Saturday, December 31, 2005

We had snow





About three weeks ago we had a huge falling of snow. It was beautiful. I wish my pictures could really capture how beautiful it was. I wish there were a lot of things I could more accurately express. My mom frequently complains about her inability to clearly enunciate her emotions in the midst of conflict. I have always considered myself able to let people know exactly how I feel with out much confusion. Some times this has been a bad thing. I have recently had an experience in which I was so far from able to express myself. I have always held this policy of clarity. I always want people to kow exactly how I feel because I know how torturous it can be to worry over someone else's thoughts. But I realized something.

It's not my responsibility. Forgiveness is up to the bearer of hard feelings. You don't have to ask for my forgiveness. If we waited for people to get strait with us, we'd be living in a crooked world, not that it's really all that strait right now. Anyway, I recently tried to explain my feelings so both I and the other party could let go of some hard feelings. Well, I realized that nothing I say could really make a difference, and nothing he could say would change my feelings. I used to depend on people to earn forgiveness. How silly that sounds as I write it. You can't earn forgiveness. I have this big motto that no one can make me mad. If I get mad, I'm the owner of those feelings. Making you responsible for them gives you power over me. It's the same thing with forgiveness I'm realizing. Waiting for you to want my forgiveness is giving you control and power over me. I'm the owner of my feelings, and while they may get hurt, it's my responsibility alone to see that they get healed.
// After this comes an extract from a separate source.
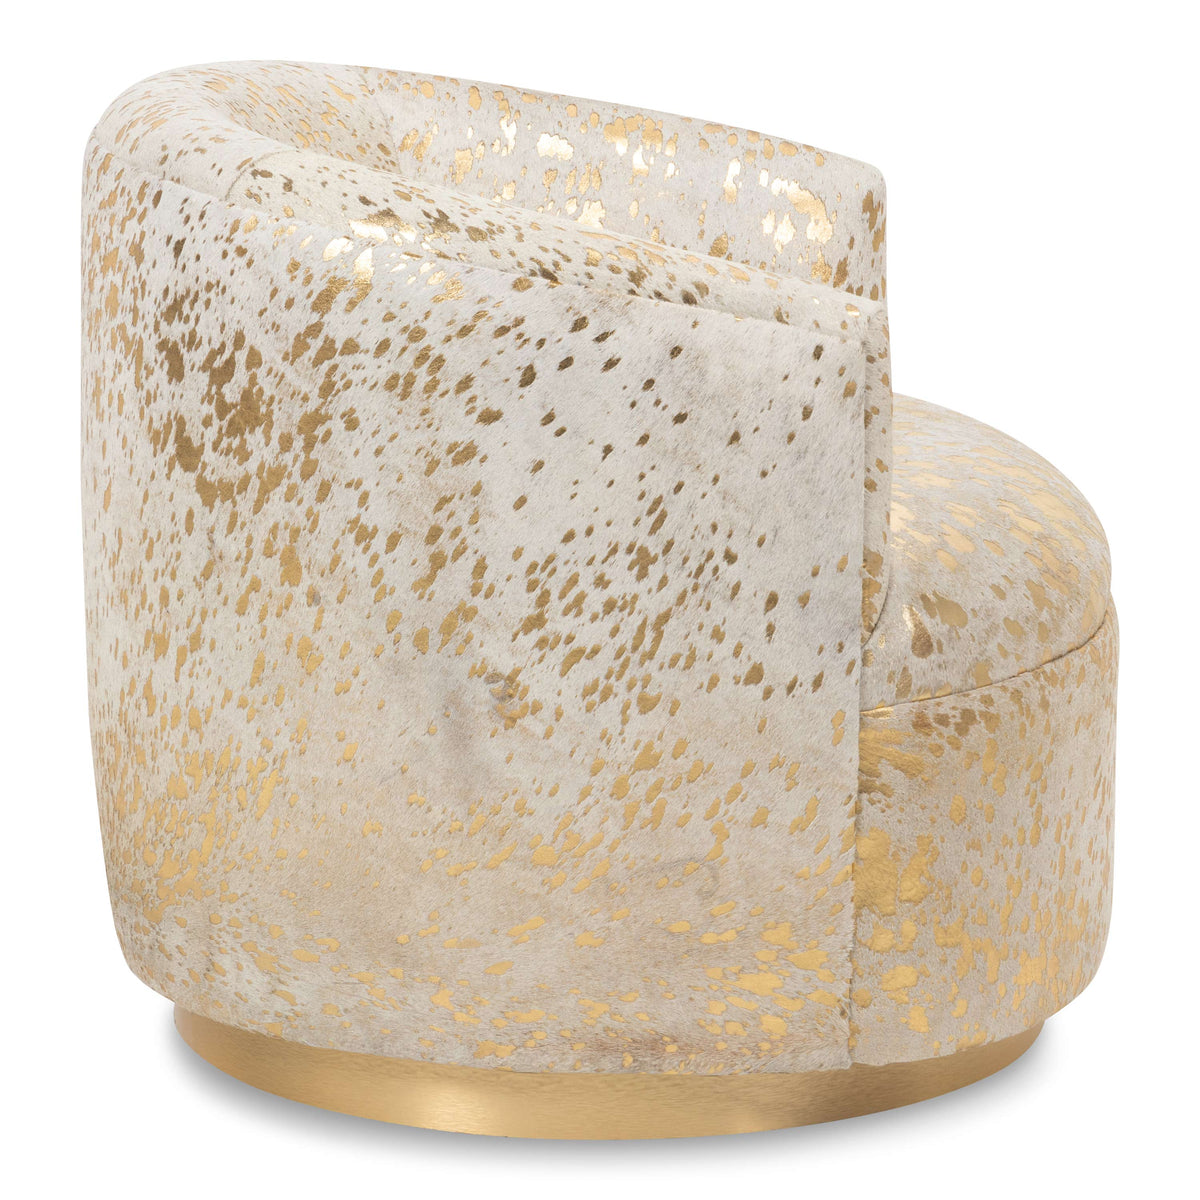 Club 2 Chair in Gold Speckled Cowhide

Hope you all had a Merry Christmas! This New Years Eve I've got my two host sisters and another volunteer here and we are having a little get together at my flat. It won't be much to shout about. Tomorrow I will experience Razlogski Kukeri for the first time. I'm pretty excited about that. I'm exhausted of being with people though. I love the people I'm with, but I'm so spent. They are enjoying themselves though.